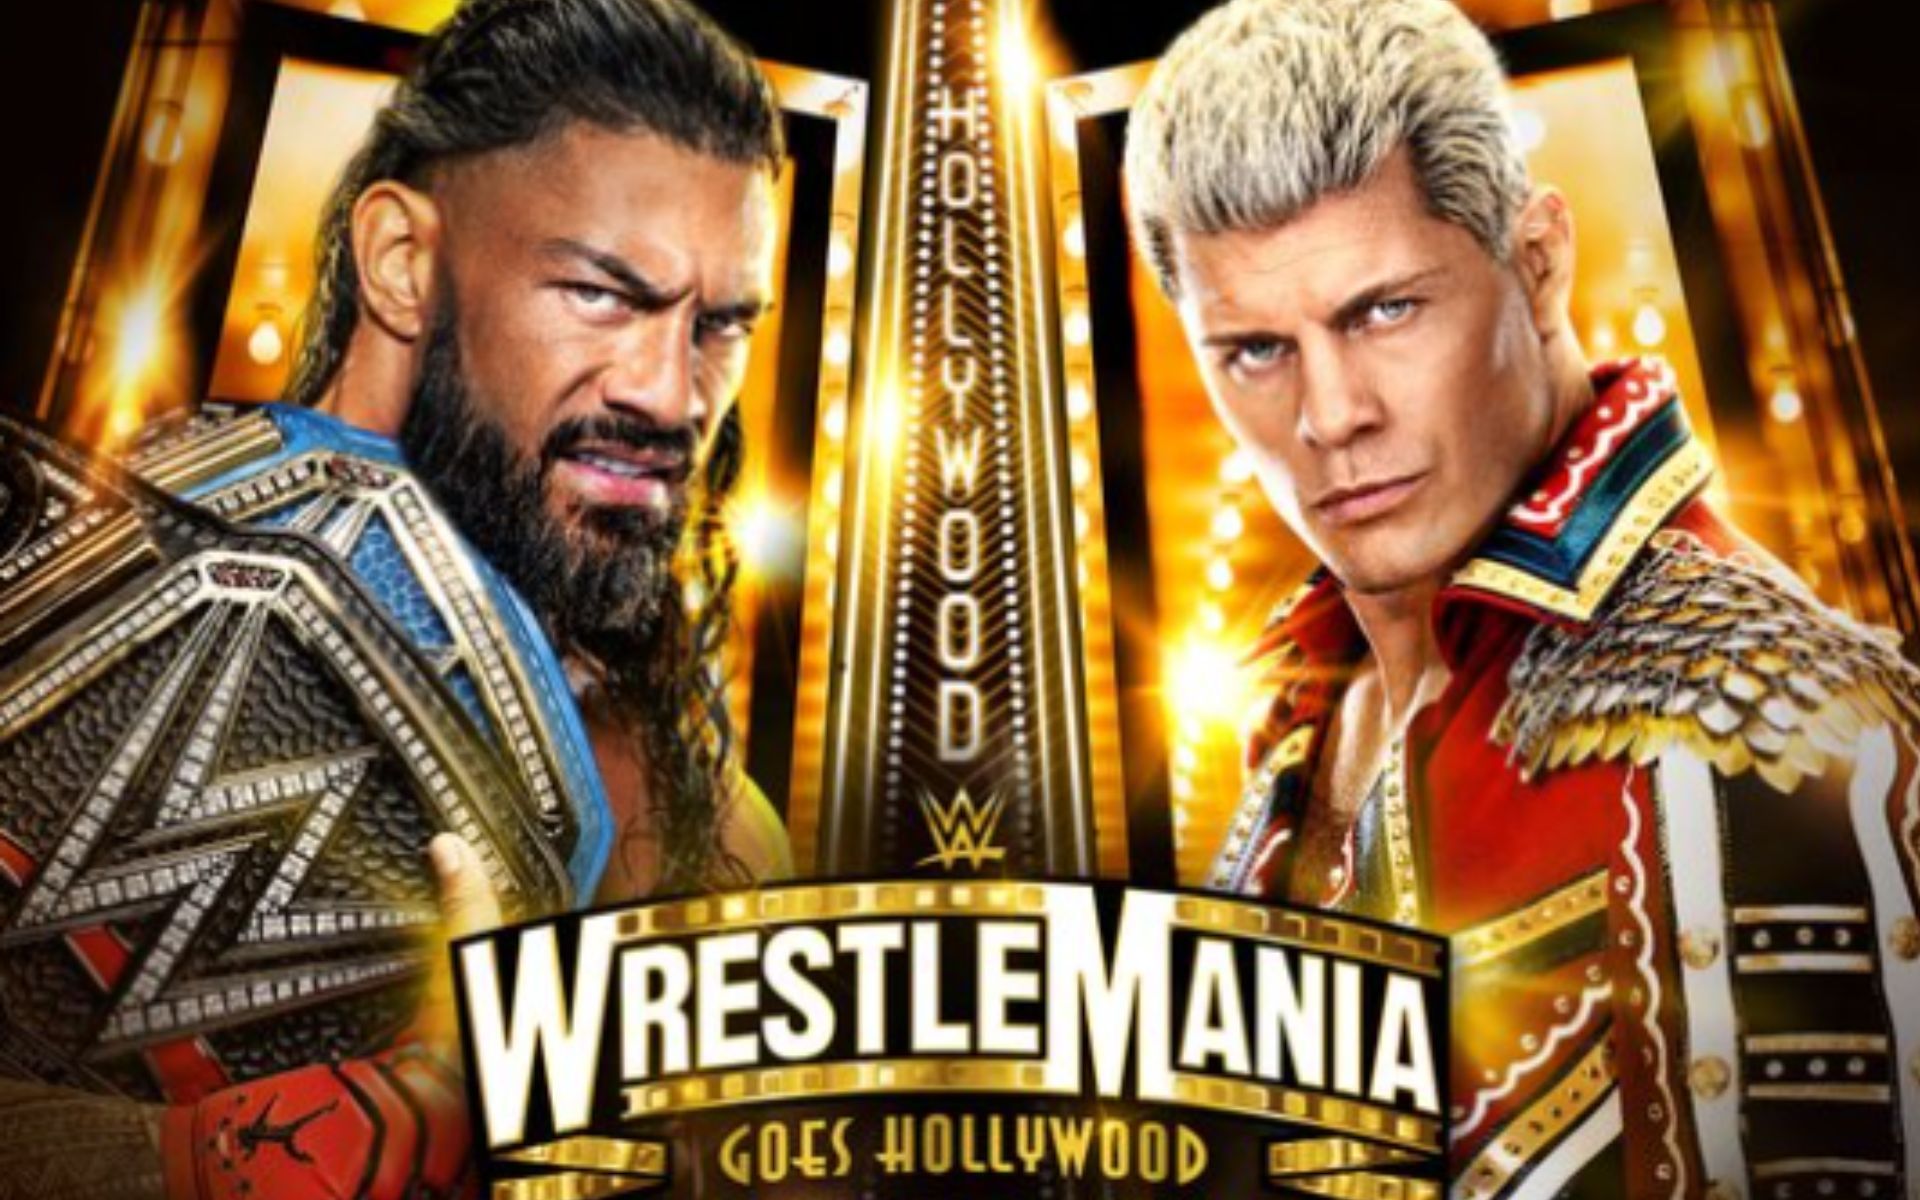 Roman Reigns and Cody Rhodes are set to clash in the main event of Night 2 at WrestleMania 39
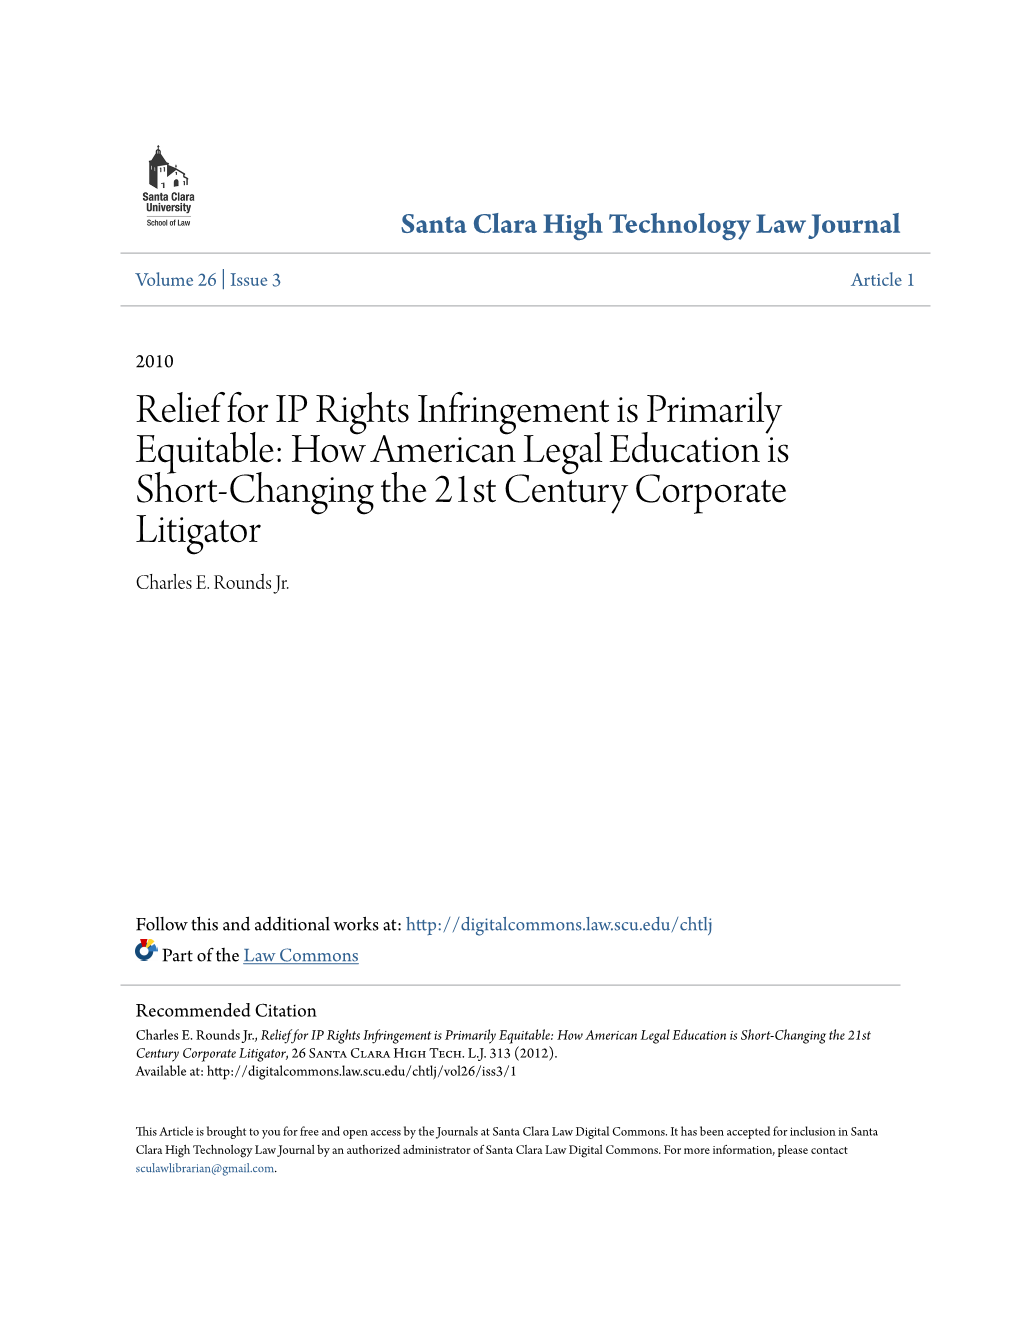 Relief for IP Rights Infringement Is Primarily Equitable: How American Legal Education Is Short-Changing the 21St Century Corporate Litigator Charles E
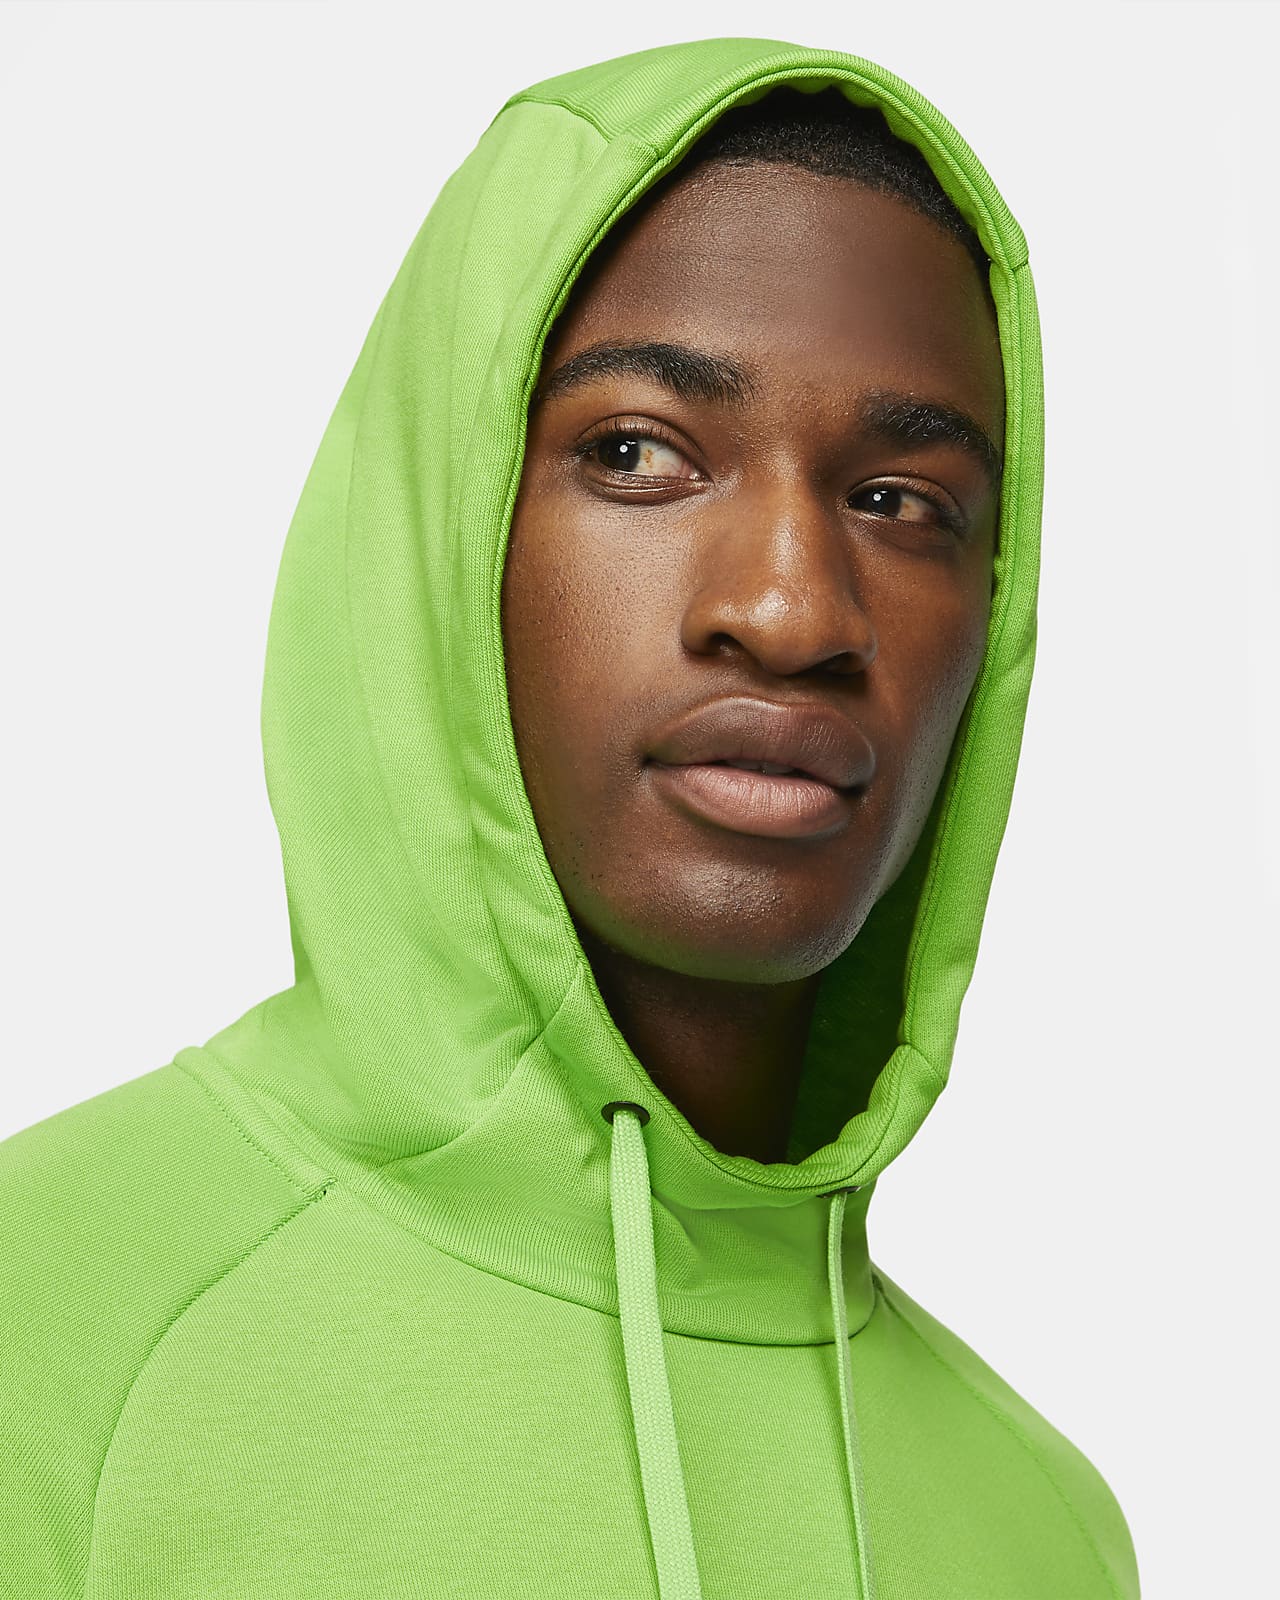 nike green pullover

How to complete this task:
Excluding the pictures, retype the line containing "Relief for IP" and all lines after it down to the end of the data above.

The completed task:
 Relief for IP Rights Infringement Is Primarily Equitable: How American Legal Education Is Short-Changing the 21St Century Corporate Litigator Charles E
 nike green pullover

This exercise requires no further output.